Robust segmentation of the melt-pool distribution in different layers of the deposition process
The main objective for the algorithmic pipeline for analysing the melt pool is to segment each frame in two overlapping regions, R1 and R2, where R1 is the melt pool area and R2 the entire distribution, that is, the melt pool along with the tail, which defines the direction of the laser head deposition process. This is accomplished by implementing a robust adaptive multi-thresholding operation that can estimate the segmented regions – in case the internal physical parameters of the laser deposition process change over time – followed by a set of morphological filtering operations for smoothing both regions and filtering out sparks and reflections. The resulting melt pool regions can then be used to extract a variety of geometrical and intensity statistics at the back end of the image pipeline system in order to quantify their properties.
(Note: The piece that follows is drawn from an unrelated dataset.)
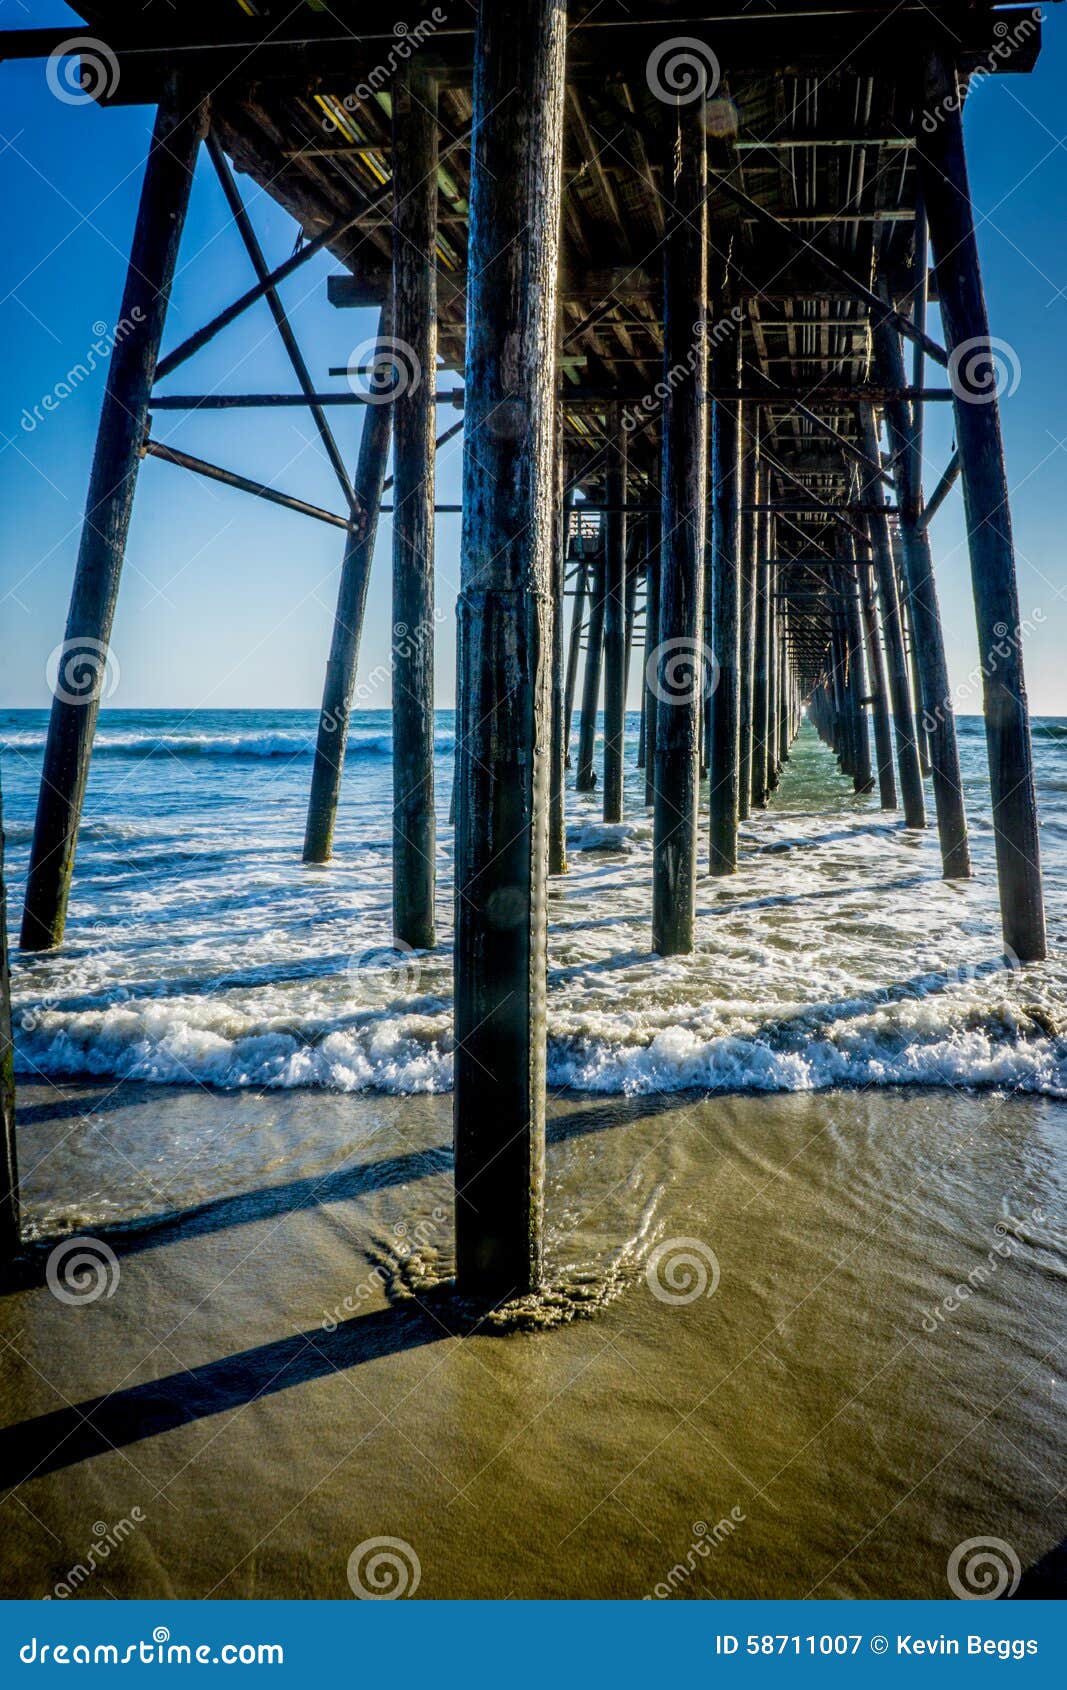 oceanside, california

These are fed to a numerical controller, so as to be transformed to physical parameters of the AM process.
The shape and intensity features extracted for both regions R1 and R2 are: the major and minor axis lengths, the area, the centre of gravity or mass, and the average intensity. Apart from the above statistical parameters, other interesting and important features can be extracted from the two distributions, such as the perimeter, the aspect ratio, the eccentricity that quantifies the circularity of the melt pool region, the centroid distance of both regions to the end and front-end of the distributions, or other intensity features such as the maximum, minimum and median intensities. Finally, a temporal moving averager is applied on the statistical values in order to smooth out temporal variation, such as that caused by movement of the melt pool image or even a large spark that is not entirely filtered out by the morphological operator.
The project team is currently investigating the association and correlation between the melt pool behaviour and process parameters, as well as process monitoring to gather temporal and spatial real-time information. In addition, engineers at Irida Labs are working towards integrating artificial intelligence and, more specifically machine learning and deep learning techniques, to monitor parameters related to quality and features, and detect defects and abnormalities in real-time during the laser deposition process.
Irida Labs, based in Patras, Greece, is a computer vision company using embedded platforms. It is one of 12 project partners working on the Symbionica project (www.symbionicaproject.eu) to build a reconfigurable additive and subtractive manufacturing machine to make personalised bionics and prosthetics.